Keep bearing left. The road
will make a Y. Left again.
There's a creek on the left.
Keep going. Just before
the road ends, there'll be
another road. Take it
and no other. Otherwise,
your life will be ruined
forever. There's a log house
with a shake roof, on the left.
It's not that house. It's
the next house, just over
a rise. The house
where trees are laden with
fruit. Where phlox, forsythia,
and marigold grow. It's
the house where the woman
stands in the doorway
wearing the sun in her hair. The one
who's been waiting
all this time.
The woman who loves you.
The one who can say,
"What's kept you?"

On this day in 1994, Russian author Alexander Solzhenitsyn, after 20 years abroad, returned to Russia.

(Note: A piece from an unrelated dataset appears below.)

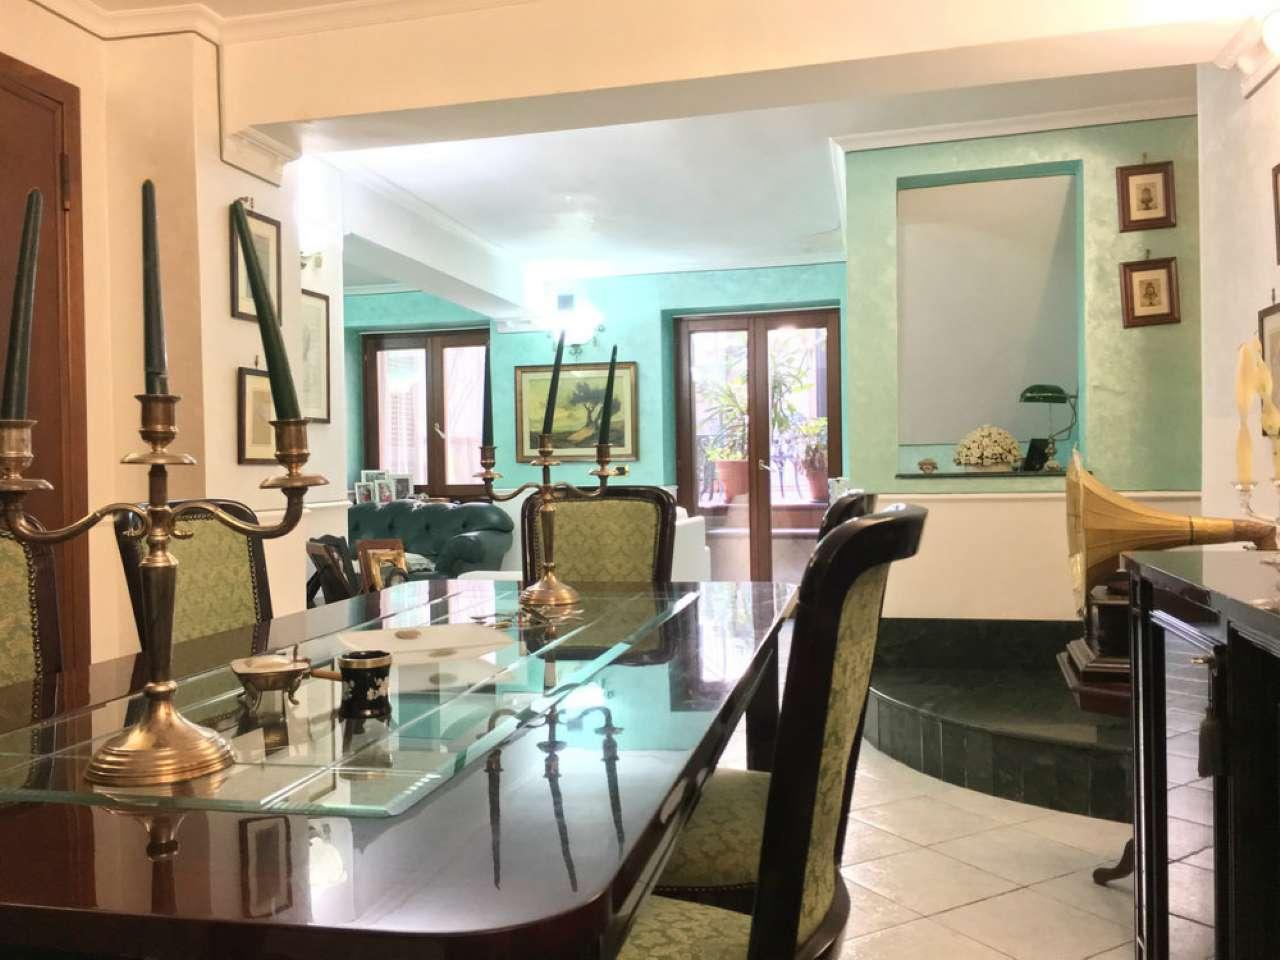 Villa in vendita a Portici, 5 locali, prezzo € 398.000 | Cambio Casa.it

It's the birthday of novelist Jamaica Kincaid, born in St. John's, Antigua, in the West Indies (1949). When she was 16 years old, she left home for New York and became a writer for The New Yorker magazine. She's the author of short stories, the novels Annie John (1985) and Lucy (1990), and most recently a collection entitled Talk Stories (2001).

It's the birthday of poet and short story writer Raymond Carver, born in Clatskanie, Oregon (1938), the child of a sawmill worker and a waitress. Within a year of leaving high school, he married and had children. He had some success as a writer in the late 60s: his story "Will you Please Be Quiet, Please?" was selected for the Best American Short Stories anthology in 1967. It was the same year he began drinking heavily, torn between the demands of writing and family. He was in and out of detox programs before he finally quit drinking, through AA, in 1982. He's the author of many collections of stories, including What We Talk About When We Talk About Love (1981), Cathedral (1983), and Where I'm Calling From (1988). His poetry collections include Where Water Comes Together with Other Water (1985) and Ultramarine (1987).

It's the birthday of suspense novelist Robert Ludlum, born in New York City (1927). His first book, The Scarlatti Inheritance (1971), was a huge best seller.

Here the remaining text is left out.